------ Material provided

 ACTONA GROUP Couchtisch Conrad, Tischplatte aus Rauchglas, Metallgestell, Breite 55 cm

------------
------ Material provided

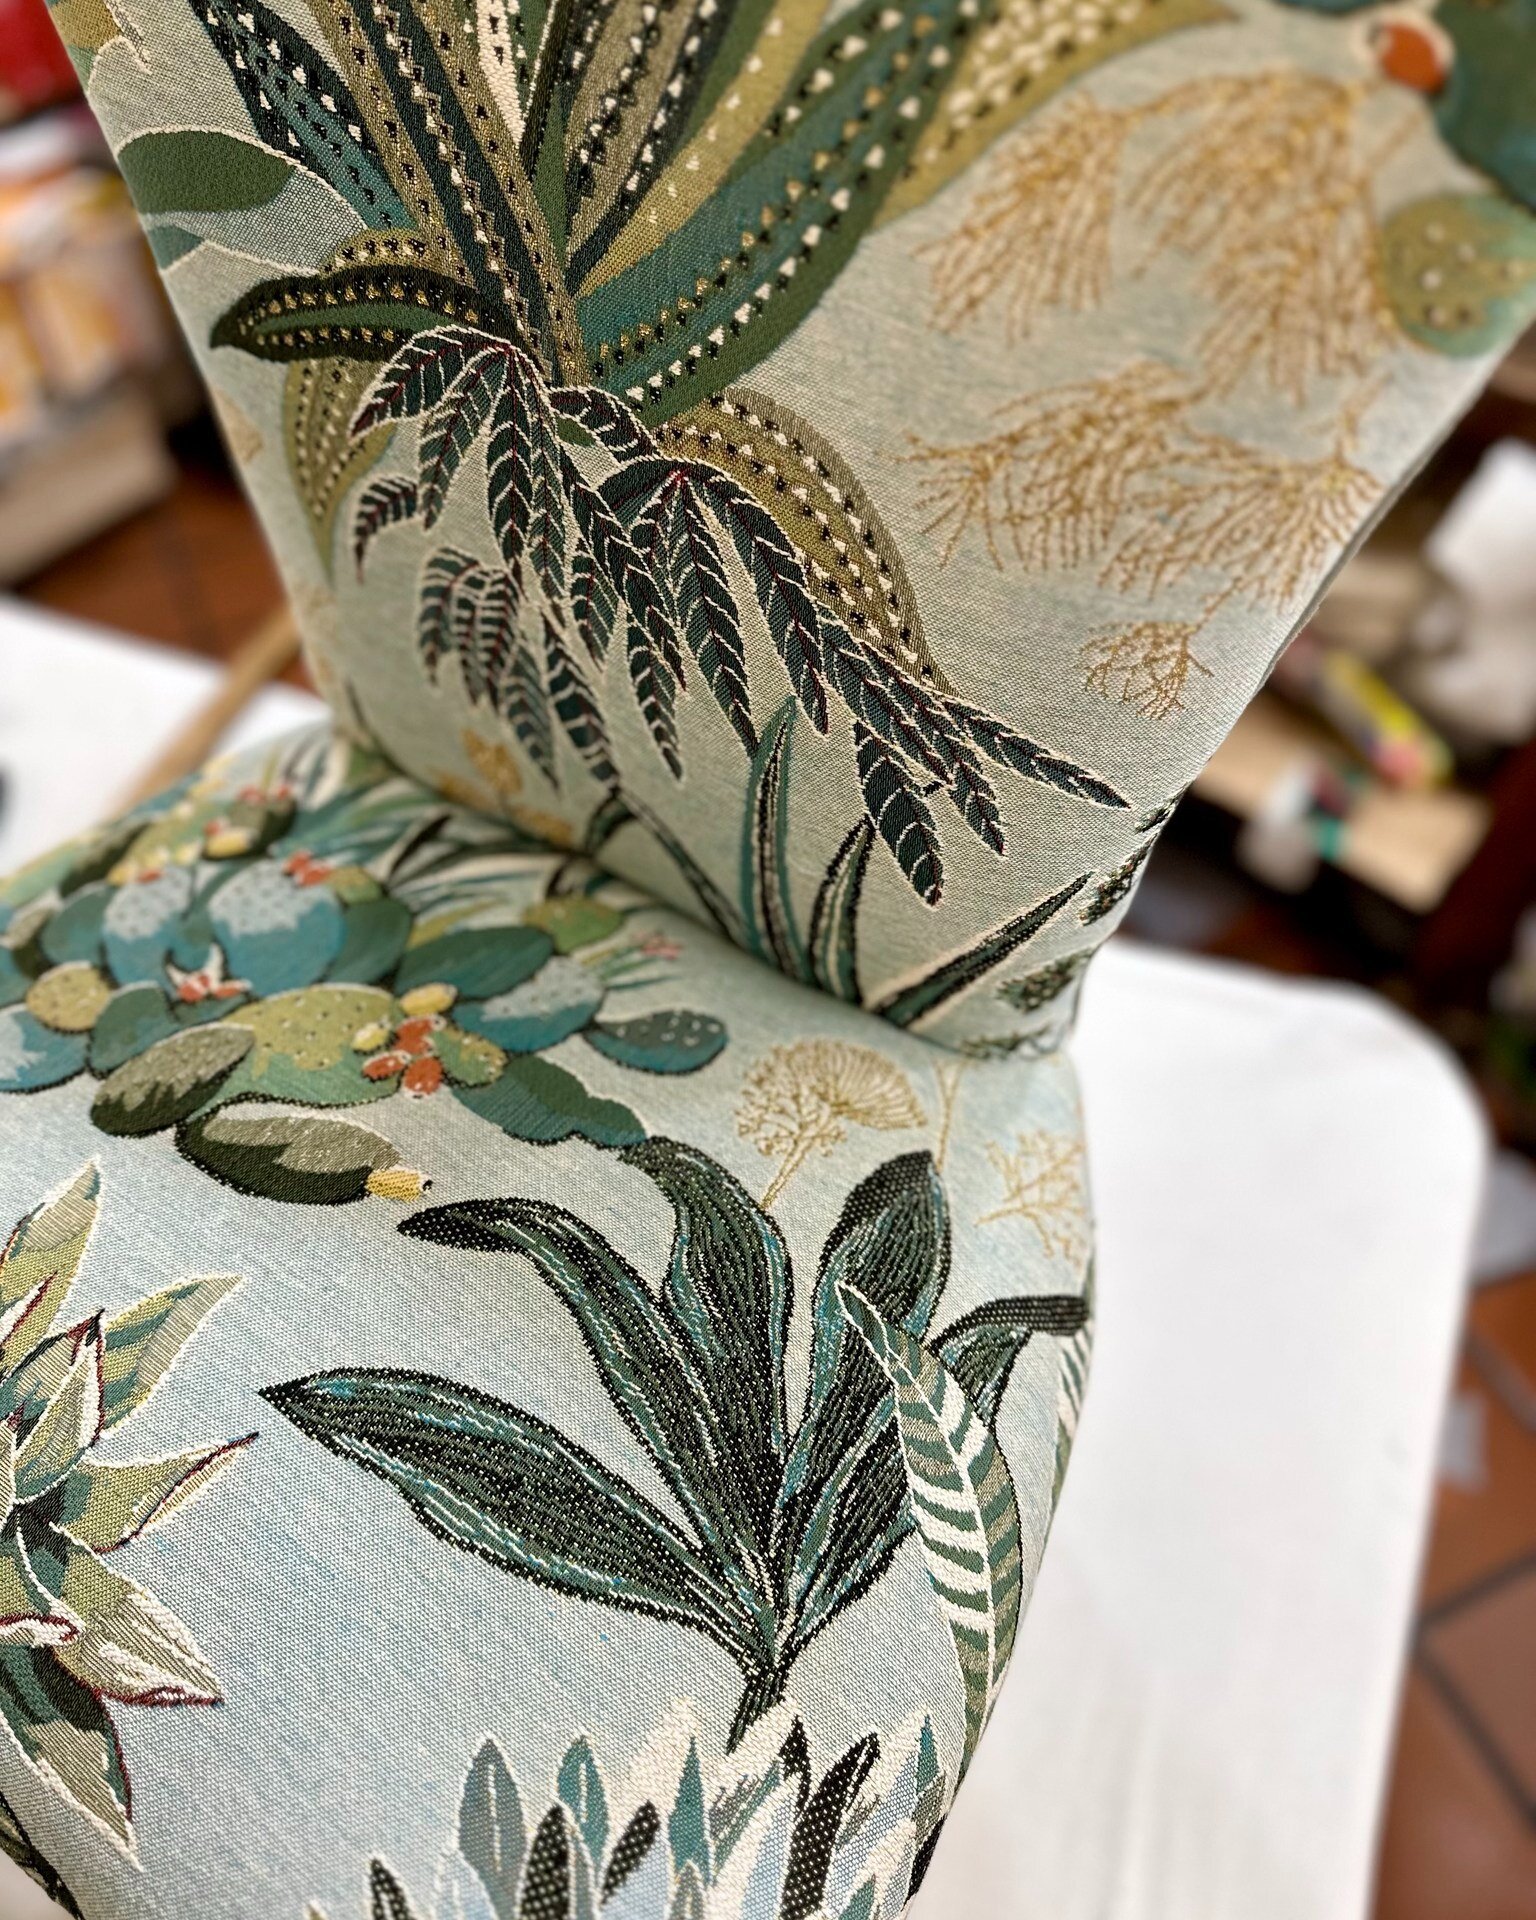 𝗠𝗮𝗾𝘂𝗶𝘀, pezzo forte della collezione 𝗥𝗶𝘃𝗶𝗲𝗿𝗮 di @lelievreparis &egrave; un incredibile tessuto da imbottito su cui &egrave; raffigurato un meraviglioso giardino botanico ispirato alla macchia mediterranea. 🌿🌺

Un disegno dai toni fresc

------------
------ Material provided

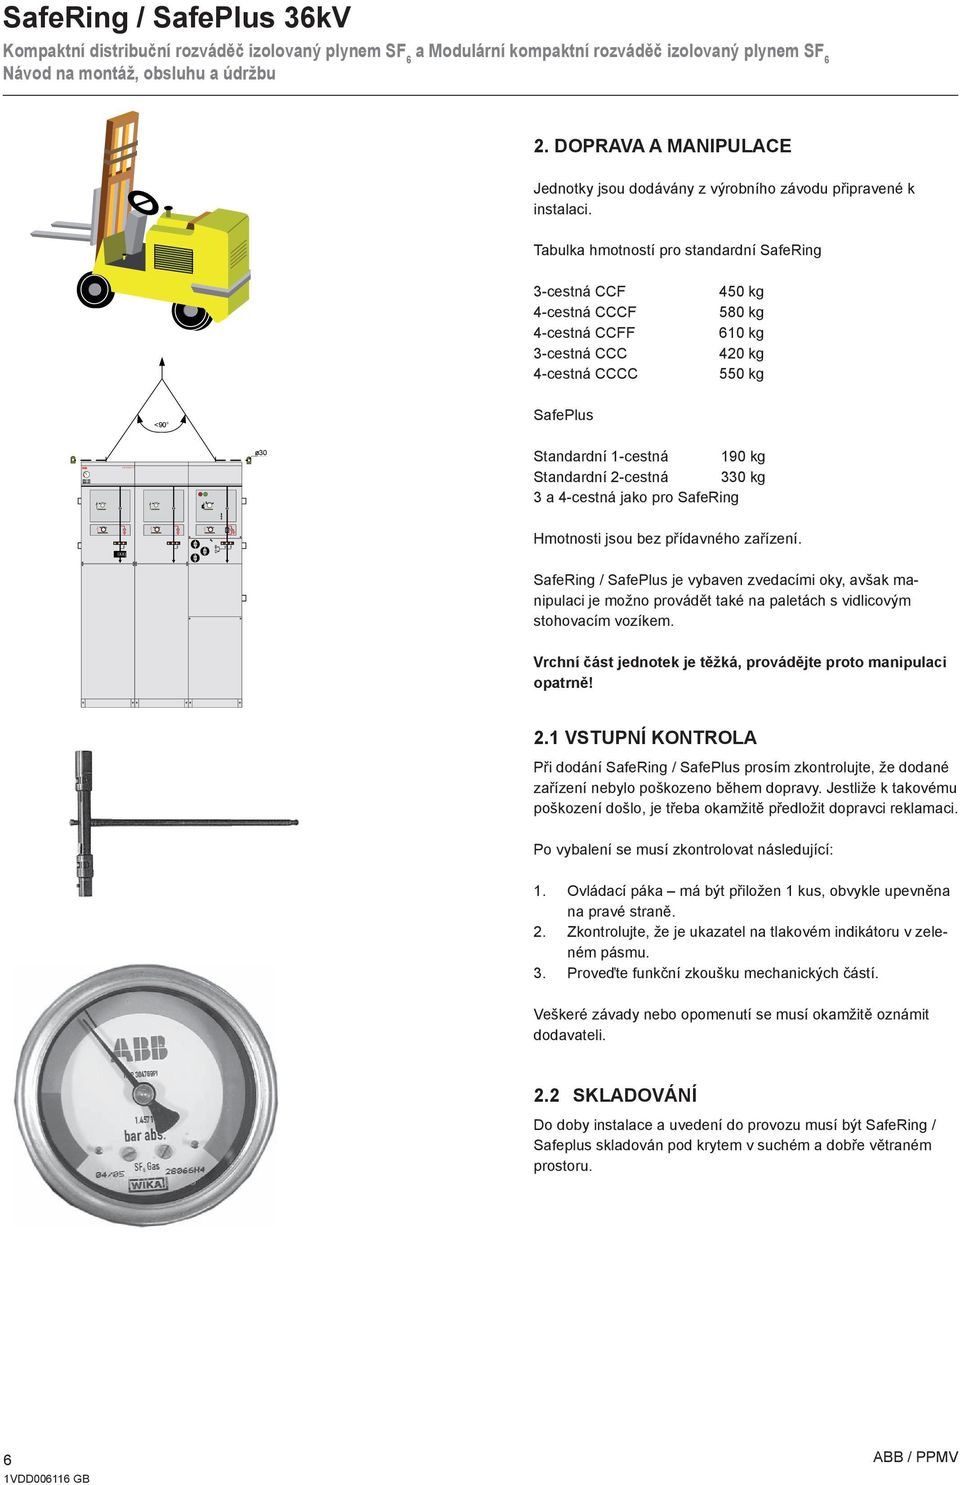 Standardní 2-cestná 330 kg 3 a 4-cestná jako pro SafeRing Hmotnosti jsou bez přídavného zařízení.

------------

◆ Task requirements
Please return the data above exactly as it stands from the line with "𝗠𝗮𝗾𝘂𝗶𝘀, pezzo forte" to the line with "Un disegno dai toni fresc", keeping both of those lines but none of the pictures.

◆ Result for this task
 𝗠𝗮𝗾𝘂𝗶𝘀, pezzo forte della collezione 𝗥𝗶𝘃𝗶𝗲𝗿𝗮 di @lelievreparis &egrave; un incredibile tessuto da imbottito su cui &egrave; raffigurato un meraviglioso giardino botanico ispirato alla macchia mediterranea. 🌿🌺

Un disegno dai toni fresc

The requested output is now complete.